Our opinions set forth below are be limited by (i) bankruptcy, insolvency, reorganization, fraudulent conveyance, marshaling, moratorium or other similar laws affecting the enforcement generally of the rights and remedies of creditors and secured parties or the obligations of debtors, and (ii) general principles of equity (whether considered in a proceeding in equity or at law), including but not limited to principles limiting the availability of specific performance or injunctive relief, and concepts of materiality, reasonableness, good faith and fair dealing.

 

Based upon and subject to the foregoing, we are of the opinion that when (i) the Registration Statement has become effective under the Securities Act and remains effective at the time of the offer and sale of the Units, (ii) an appropriate Prospectus has been filed with the Commission describing the Units offered thereby, (iii) such Units have been offered and sold as described in the Registration Statement, such Prospectus and the Trust Agreement and (iv) such Units have been delivered to the purchasers thereof and the agreed consideration has been fully paid at the time of such delivery by such purchasers:

 

(a) such Units will be validly issued; and

 

(b) the purchasers of such Units will have no obligation to make payments to the Trust or its creditors (other than the purchase price for the Units) or contributions to the Trust or its creditors solely by reason of the purchasers’ ownership of such Units(subject to the obligations of a beneficial owner of Units to make certain payments provided for in Section 5.7(f) of the Trust Agreement).

 

This opinion letter is limited to the matters expressly set forth herein, and no opinion may be inferred beyond those expressly stated.

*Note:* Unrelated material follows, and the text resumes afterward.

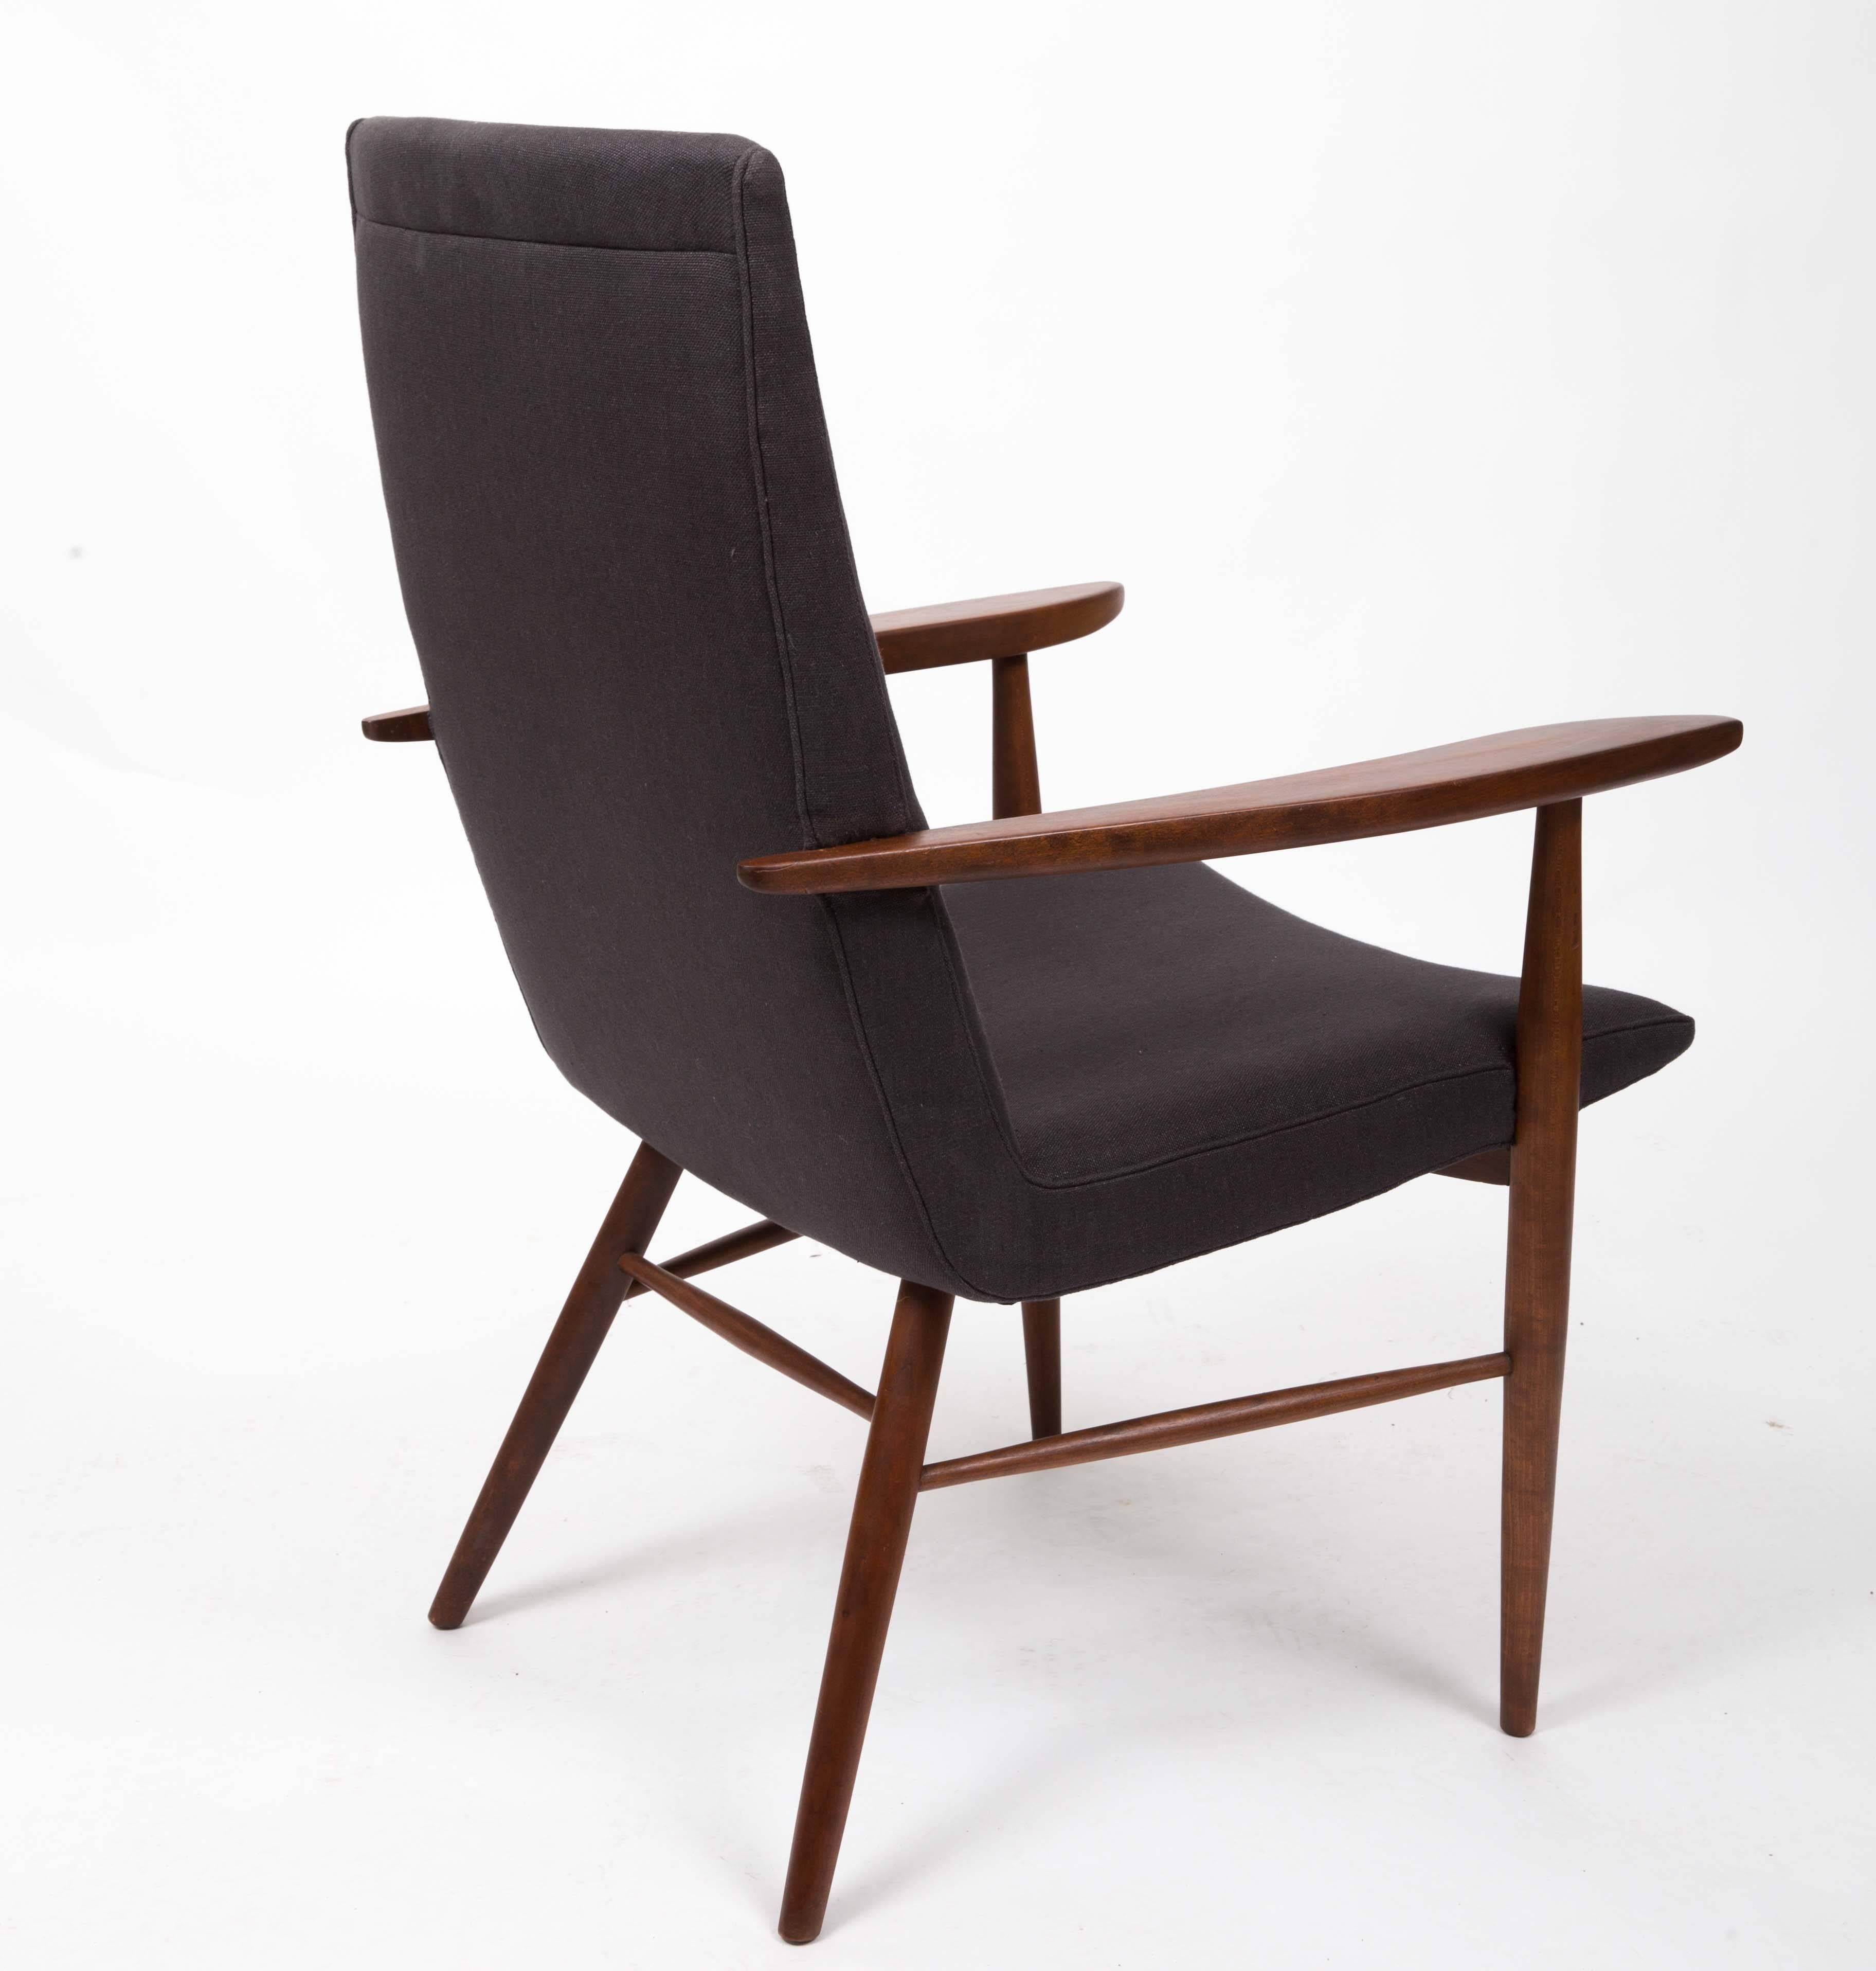 Mid-20th Century Upholstered Dining Chair by George Nakashima for Widdicomb

Our opinions expressed herein are as of the date hereof, and we have no obligation to update this letter or to advise you of any changes in applicable law or any other matters that may come to our attention after the date hereof.

 

This opinion is rendered to you in connection with the filing of the Registration Statement. This opinion may not be relied upon for any other purpose, or furnished to, quoted or relied upon by any other person, firm or corporation for any purpose, without our prior written consent, except that (A) this opinion may be furnished or quoted to judicial or regulatory authorities having jurisdiction over you, and (B) this opinion may be relied upon by purchasers and holders of the Units currently entitled to rely on it pursuant to applicable provisions of federal securities law.

 

We hereby consent to the filing of this opinion letter as Exhibit 5.1 to the Registration Statement and to the reference to our firm under the caption “Legal Matters” in the Prospectus. In giving such consent, we do not thereby admit that we come within the category of persons whose consent is required under Section 7 of the Securities Act or under the rules and regulations of the Commission promulgated thereunder.